Saturday, August 02, 2014

Robert Altman Study Part 8: Warner Bros. and freelance



After wrapping up his stints with Desilu and The Millionaire, Altman moved on to the slightly more exalted Warner Bros. television department, where he had better production values and scripts to work with. He made the rounds of the studio's shows, including episodes of Lawman, Hawaiian Eye, and Surfside Six (none of which I've seen). Altman's Warner stint started out with two episodes of the "frontier lawyer" series Sugarfoot, starring Will Hutchins. The first, "Apollo With a Gun," is an odd comedic story in which Hutchins' Tom Brewster gets involved in a love triangle with the real-life couple of actress Adah Isaacs Menken and bare-knuckle boxer John "Benicia Boy" Heenan. The episode finds the star dragged behind an escaped, lovestruck stallion; getting on the wrong side of a local hothead; and shanghaied into performing Shakespeare (badly).




The director called on some of his noir experience for his much darker second episode, "The Highbinder," highlighted by a guest appearance from young James Hong as a scar-faced, hatchet-throwing assassin. Hong's partner has a penchant for Juggernaut-style headbutts to the gut and spiked brass knucks, giving Hutchins two comic book-style villains to contend with. For its time, the show boasts an admirably anti-racist message, though it's not above peppering the soundtrack with gongs and "Oriental" melodies.
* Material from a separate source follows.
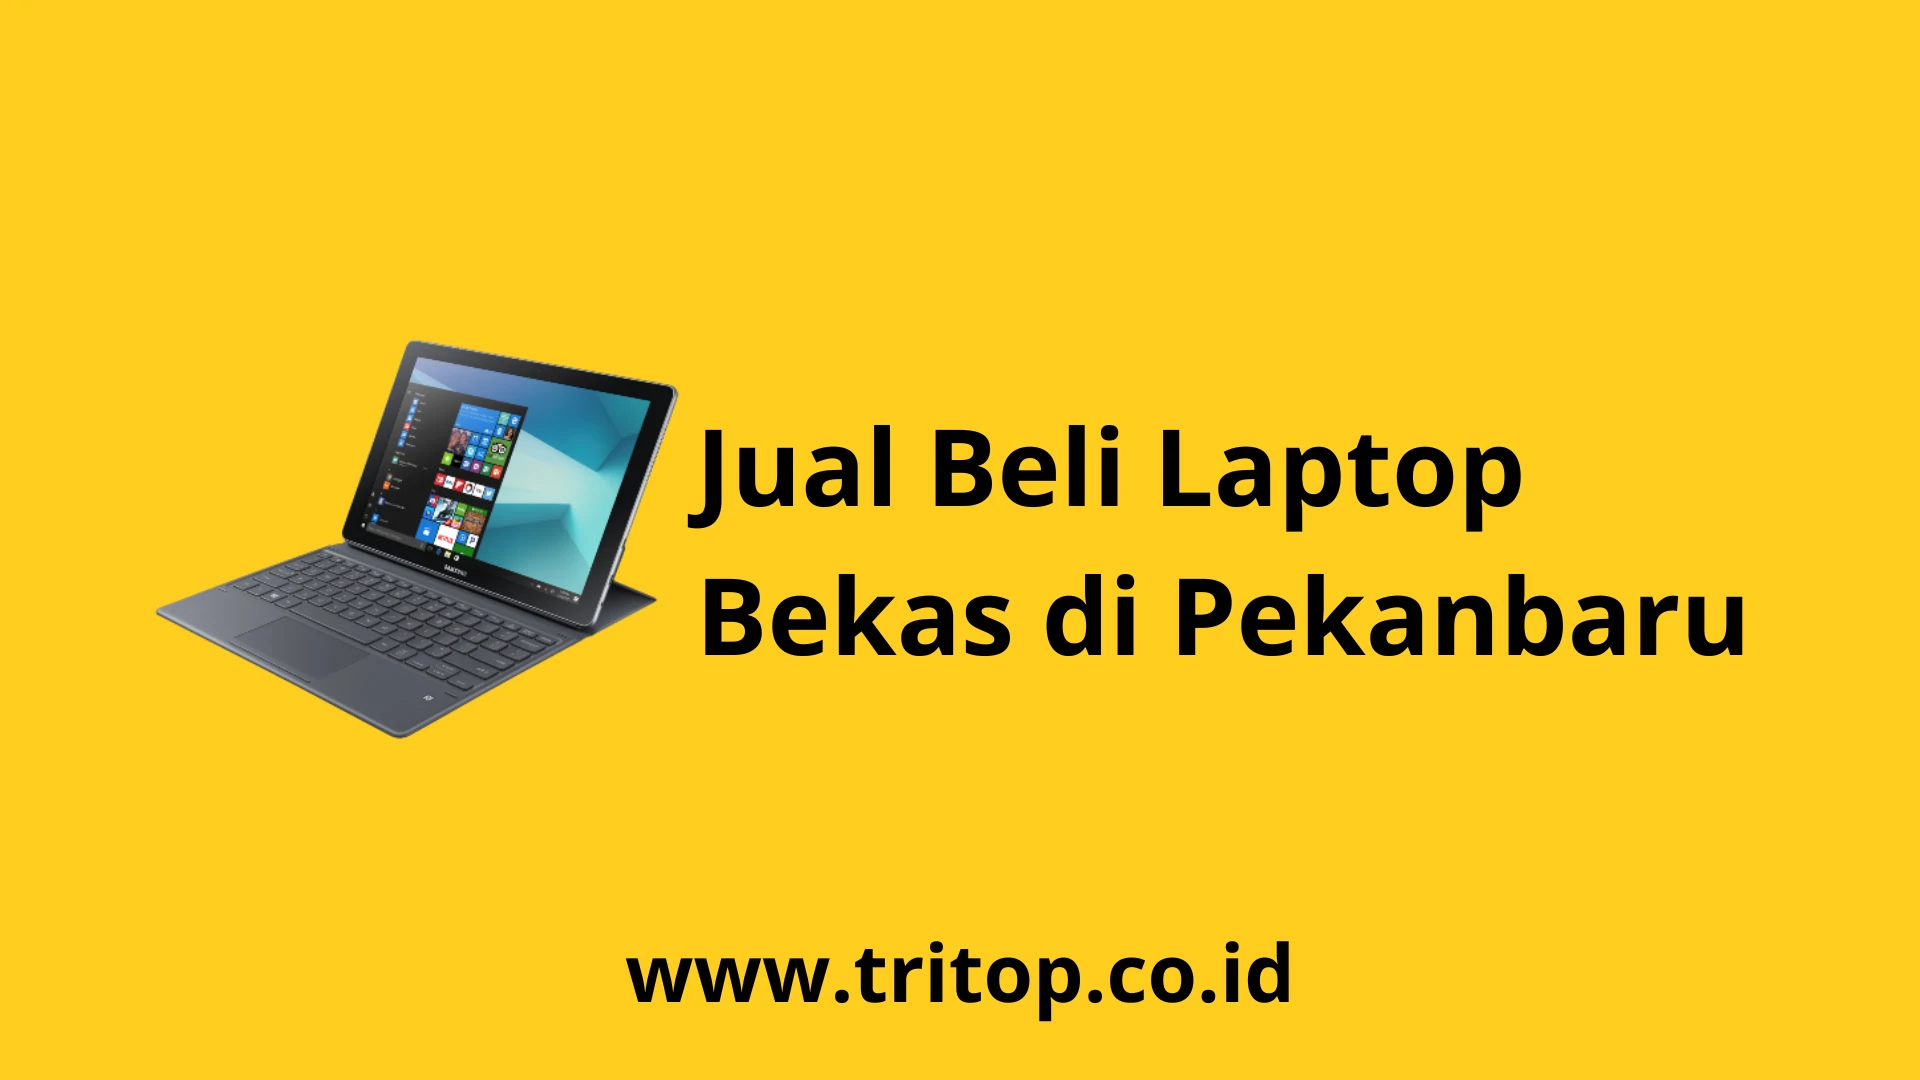 Jual Beli Laptop Bekas Pekanbaru Tritop.co.id
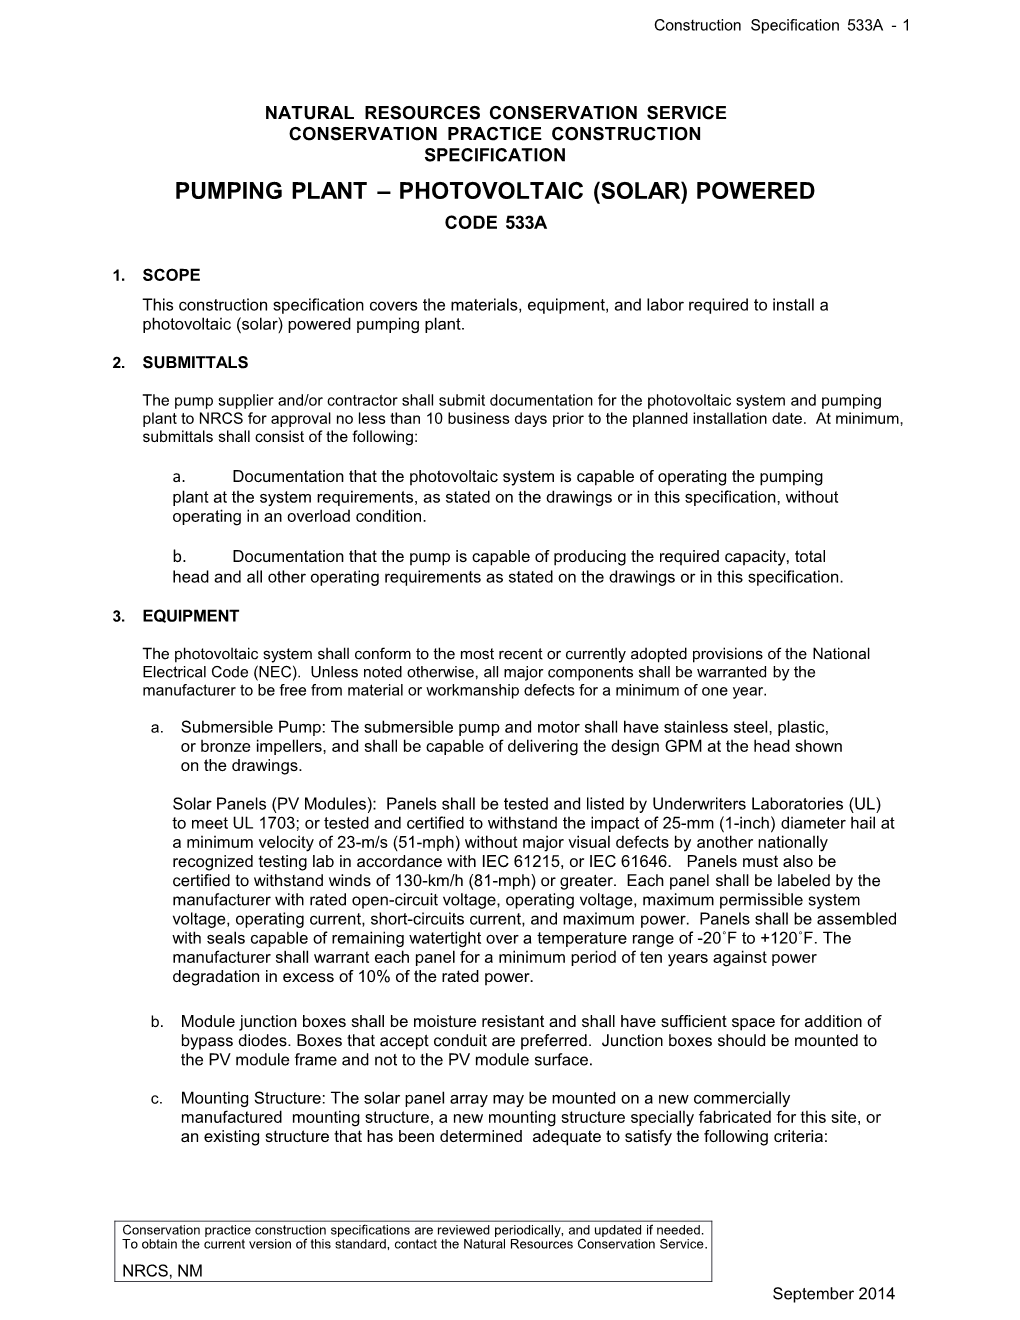 Pumpingplant Photovoltaic(Solar)Powered

The Sugarfoot character reappears in Altman's sole episode of Maverick, a post-James Garner fourth season entry starring Roger Moore as cousin Beau Maverick. (In another glaring bit of cross-promotion, the show's hanging judge has a habit of singing "The Hanging Tree," the title song from the Delmer Daves movie Warners released the same year.) "Bolt From the Blue" is one of the highlights of Altman's TV career, a raucously satirical episode dealing with mistaken identity and a casually bloodthirsty if genially incompetent posse. The show guest stars Owen Bush, a long-faced character actor with a midwestern plain-spokenness who was a staple of Altman's early work, appearing uncredited in The Delinquents as well as in a few Calvin shorts, episodes of The Pulse of the CityU.S. Marshal, several Warners shows, and Altman's turn on Peter Gunn [see below].

Altman reportedly planned to call the actual horse thief in the Maverick episode "Nixon," but was stopped by the censors. That may or may not be true - Altman had a tendency in later years (when the actual shows were harder to find and re-examine) to exaggerate his anti-authoritarian bent during the early part of his career. He regularly claimed to have slipped surrealist touches into Whirlybirds and touted a subliminally erotic episode of The Millionaire, none of which is supported by the shows themselves. He did have a tendency to rewrite episodes on set, and his behavior off camera was as wild as his claims for what he put on camera, all of which failed to endear him to television producers. But this Maverick episode, a rare example for which Altman was credited as writer as well as director, does feature a hint of the likably amoral rogues' galleries to come.


The bulk of Altman's time at Warners was spent on The Roaring 20's, a flapper- and Tommy gun-centric show loosely based on the Cagney/Bogart film of the same name. He directed ten episodes of the show, though the only one that pops up online is a dance marathon show "inspired" by Horace McCoy's novel They Shoot Horses, Don't They? dubbed into Spanish for Argentinean television.



Around the same time, Altman helmed a number of one-off contributions to several series, including Route 66 ("Some of the People, Some of the Time," filmed in Carlisle, PA, the opening scene of which is below) and Peter Gunn, a series with even smarter writing and higher production values than the Warners' shows. "The Murder Bond" is a grim, stylish episode about a gangster who fakes his own death, changing his face with plastic surgery. One scene plays out in a flophouse, where an argument between two drunks runs under Gunn's dialogue, an early experiment with the sort of overlapping dialogue that would become the director's trademark.